Riddle: What number, when added separately, to 100 and 164 can make each a perfect square?
Answer: The answer is 125. 125+100=225 and 125+164=289.  The square root of 225 is 15 and the square root of 289 is 17.
Riddle: A car's odometer shows 72927 miles, a palindromic number. What are the minimum miles you would need to travel to form another?
Answer: 110 miles. (73037)
Riddle: What God never sees, what the king seldom sees, and what we see every day. What is it? Read my riddle.
Answer: An equal.
Riddle: My first is often at the front door. My second is found in the cereal family. My third is what most people want. My whole is one of the United States. What am I?
Answer: MATRIMONY (mat rye money). Which is certainly a "united state"!
Riddle: What can go up a chimney down, but cannot go down a chimney up?
Answer: An umbrella.
Riddle: My first is high, My second damp, My whole a tie, A writer's cramp. What am I?
Answer: Hyphen. The first two lines yield high-fen. A hyphen is used by a writer to tie (or cramp) two words together.
Riddle: You are in a room that is completely bricked in on all four sides, including the ceiling and floor. You have nothing but a mirror and a wooden table in the room with you. How do you get out?
Answer: You look in the mirror you see what you saw, you take the saw and you cut the table in half, two halves make a whole, and you climb out the hole.
Riddle: If you're in a room with no windows, no doors, and everything made of cement. In the room is a mirror and a table. How do you get out?

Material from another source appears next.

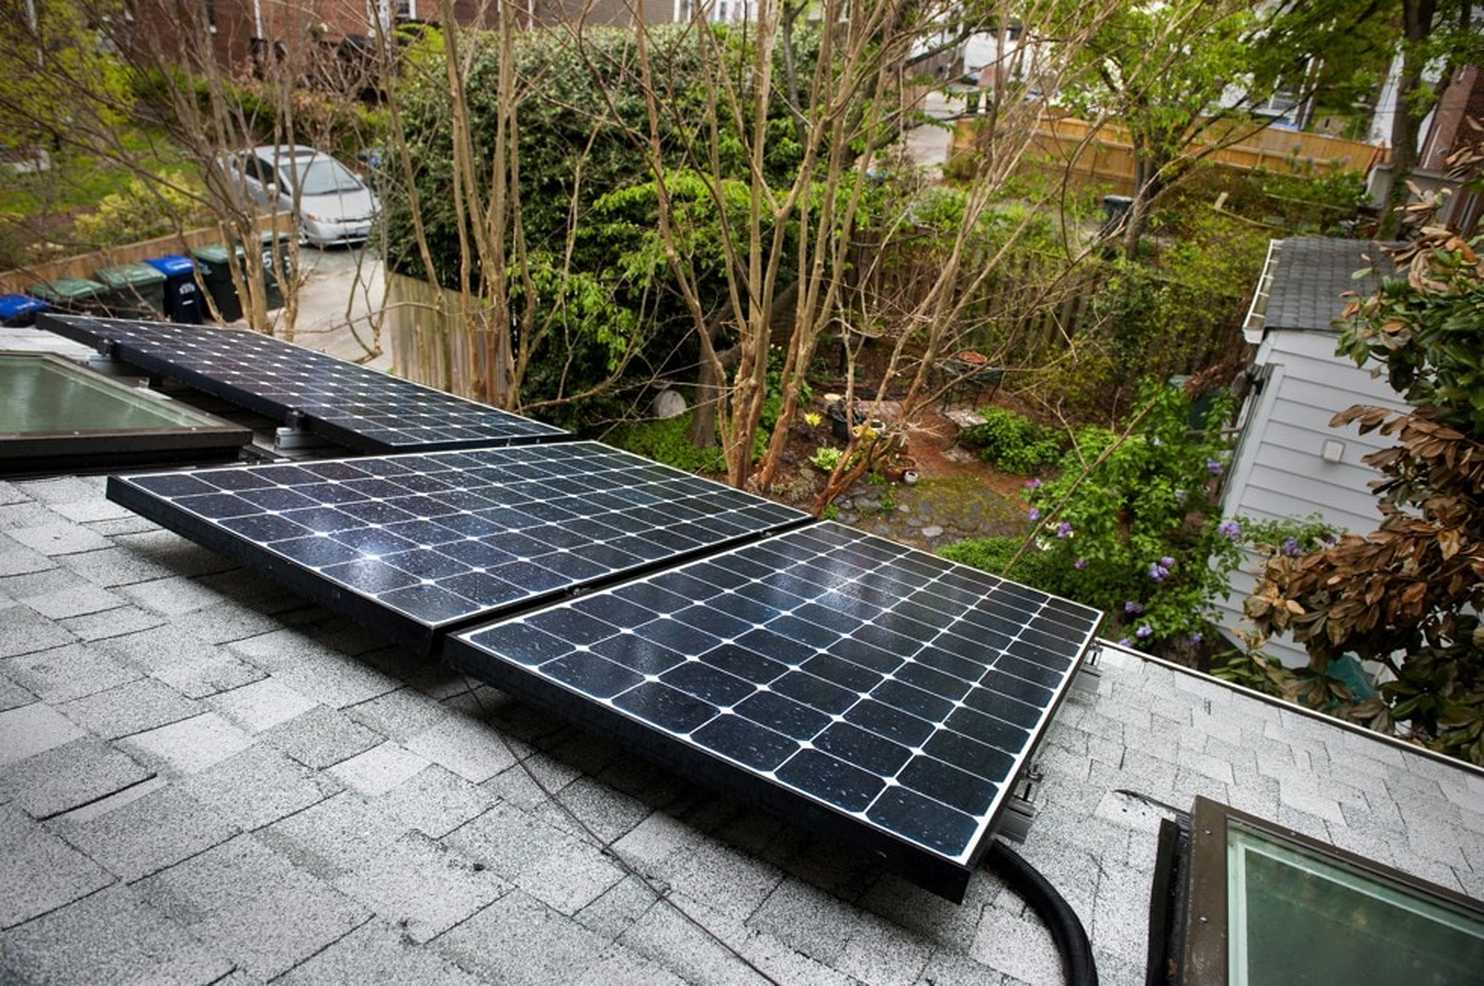 Benefits of solar panels clear after two years
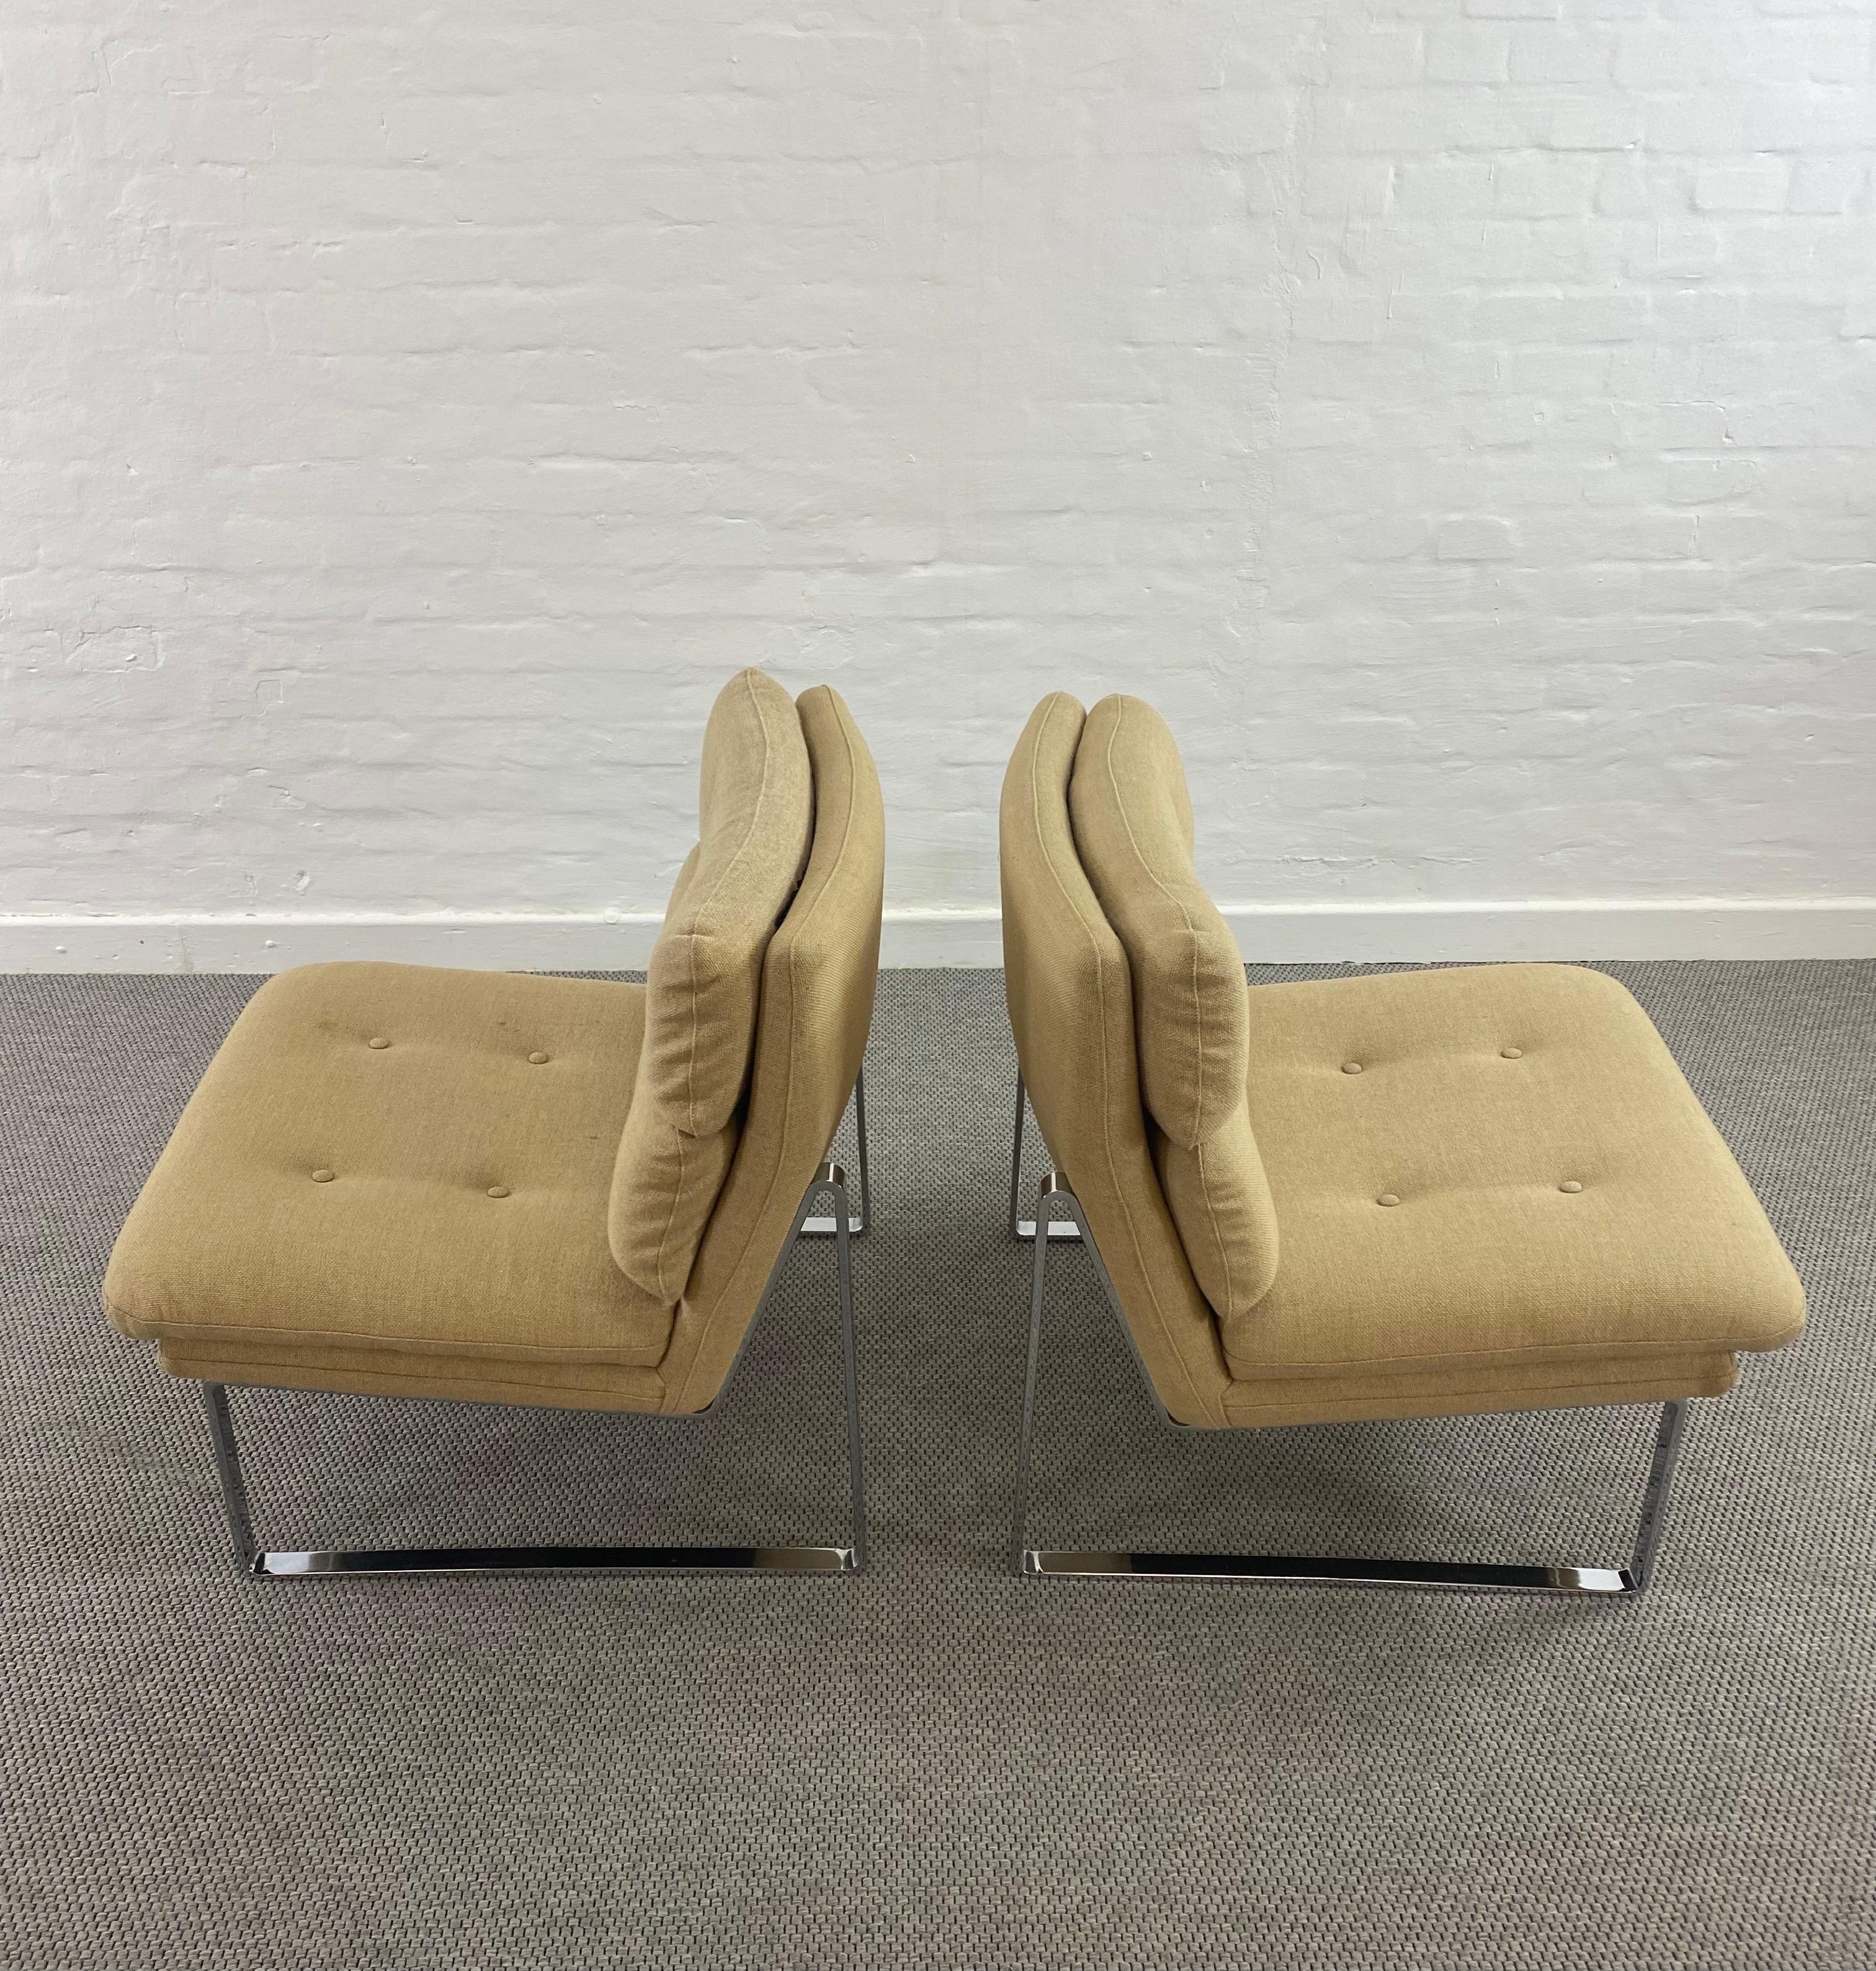 Pair of Midcentury Steel Cocktail Chair from Miller Borgsen by Röder & Söhne 2

Answer: Look in the mirror to see what you saw. Take the saw the table in half.  Use the two halves to make a whole.  Then, crawl through the hole to get out.
Riddle: What can be heard and caught but never seen?
Answer: A remark.
Riddle: A man told his son that he would give him $1000 if he could accomplish the following task. The father gave his son ten envelopes and a thousand dollars, all in one dollar bills. He told his son, "Place the money in the envelopes in such a manner that no matter what number of dollars I ask for, you can give me one or more of the envelopes, containing the exact amount I asked for without having to open any of the envelopes. If you can do this, you will keep the $1000." When the father asked for a sum of money, the son was able to give him envelopes containing the exact amount of money asked for. How did the son distribute the money among the ten envelopes?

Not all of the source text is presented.